4.1.1 Unknown \(\sigma ^2\)

For the unknown \(\sigma ^2\) case, a familiar argument (e.g., (Lehmann & Casella, 1998)) coupled with properties of \(\hat{L}_{\pi _0}(X)\) for the known \(\sigma ^2\) case, leads to minimax findings via the following lemma.

Lemma 3

For \(X=(X_1, \ldots , X_n)^{\top }\) with independently distributed components \(X_i \sim N_d(\mu , \sigma ^2 I_d)\), \(\theta =(\mu , \sigma ^2)\), consider estimating the loss \(L= \beta (\frac{\Vert \bar{x} - \mu \Vert ^2}{\sigma ^2/n})\) incurred by \(\hat{\gamma }(X)=\bar{X}\) for estimating \(\gamma (\theta )=\mu \), with \(\beta (\cdot )\) absolutely continuous and strictly increasing as in Sect. 4.1. Suppose that \(\hat{L}_0(X)\) is under second-stage loss \(W(L,\hat{L})\) free of \(\sigma ^2\), minimax, and with constant risk \(\bar{R} = \mathbb {E}_{\theta } \big \{ W(L, \hat{L}_0(X))\big \}\) for estimating L regardless of \(\sigma ^2\). Then, \(\hat{L}_0(X)\) remains minimax for unknown \(\sigma ^2\) with minimax risk \(\bar{R}\).

Proof

Suppose, in order to establish a contradiction, that there exists another estimator \(\hat{L}(X)\) such that

$$\begin{aligned} \sup _{\theta } \mathbb {E}_{\theta } \big \{ W(L, \hat{L}(X))\big \} < \sup _{\theta } \mathbb {E}_{\theta } \big \{ W(L, \hat{L}_0(X))\big \} = \bar{R}. \end{aligned}$$

Then, for fixed \(\sigma ^2=\sigma ^2_0\), we would have

$$\begin{aligned} \sup _{\theta =(\mu , \sigma ^2_0)} \mathbb {E}_{\theta } \big \{ W(L, \hat{L}(X))\big \}< \sup _{\theta } \mathbb {E}_{\theta } \big \{ W(L, \hat{L}_0(X))\big \} < \bar{R}, \end{aligned}$$

which would be not possible given the assumed minimax property of \(\hat{L}_{0}(X)\) for \(\sigma ^2=\sigma ^2_0\). \(\square \)

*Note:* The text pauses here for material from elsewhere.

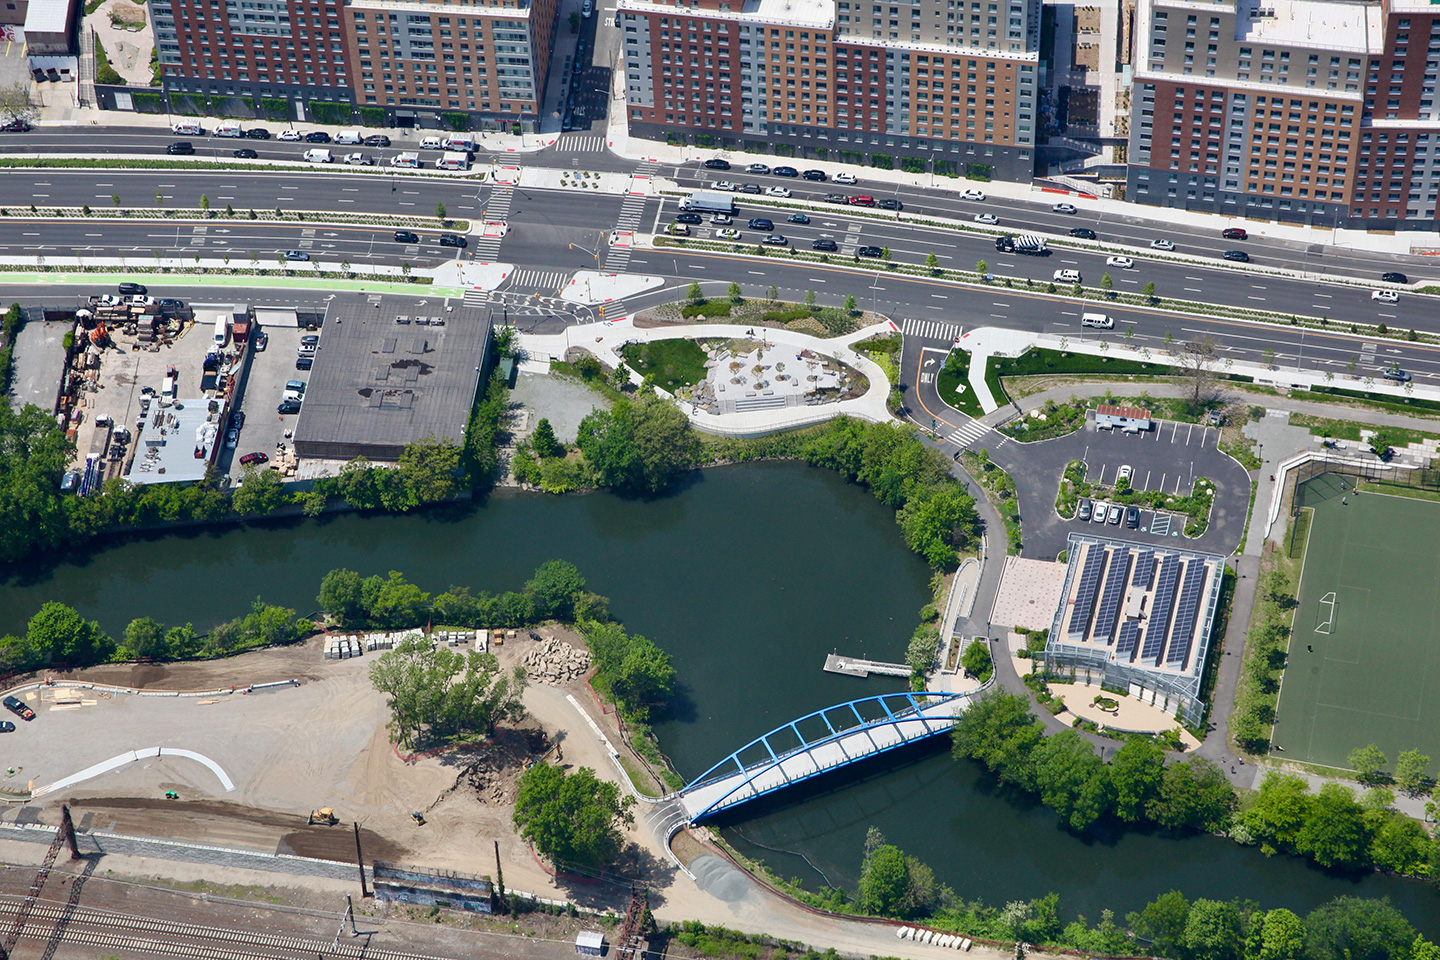 Aerial view of part of the Sheridan Boulevard (top), the overlook plaza (center), and the pedestrian bridge (bottom).

The above coupled with the results of the previous section leads to the following.

Corollary 1

In the set-up of Lemma 3 with second-stage loss (21), the loss estimator \(\hat{L}_{\pi _0}\) given in () is minimax for estimating \(L= \beta (\frac{\Vert \bar{x} - \mu \Vert ^2}{\sigma ^2/n})\). Furthermore, minimaxity is also achieved by the generalized Bayes estimators \(\hat{L}_{\pi _0,j}(X)\) of Theorem 5 for the corresponding losses \(\rho _j(\frac{\hat{L}}{L}), \ j=A,B,C.\)

Proof

The results are deduced immediately as consequences of Lemma 3, Theorems 4, and 5. \(\square \)

4.2 Gamma models

We revisit here the Gamma model \(X|\theta \sim \text {G}(\alpha , \theta )\) of Example 5 with first-stage entropy-type loss \(\rho _m(\frac{\hat{\theta }}{\theta })\) for estimating \(\theta \) and with \(m < \alpha /2\). We consider the loss associated with \(\hat{\theta }_{\pi _0}(X) = \frac{k}{X}\), \(k= \big \{ \frac{\Gamma (\alpha )}{\Gamma (\alpha -m)} \big \}^{1/m}\), which as an estimator of \(\theta \), is generalized Bayes for the improper density \(\pi _0(\theta ) = \frac{1}{\theta } \mathbb {I}_{(0,\infty )}(\theta )\), as well as minimax with constant risk.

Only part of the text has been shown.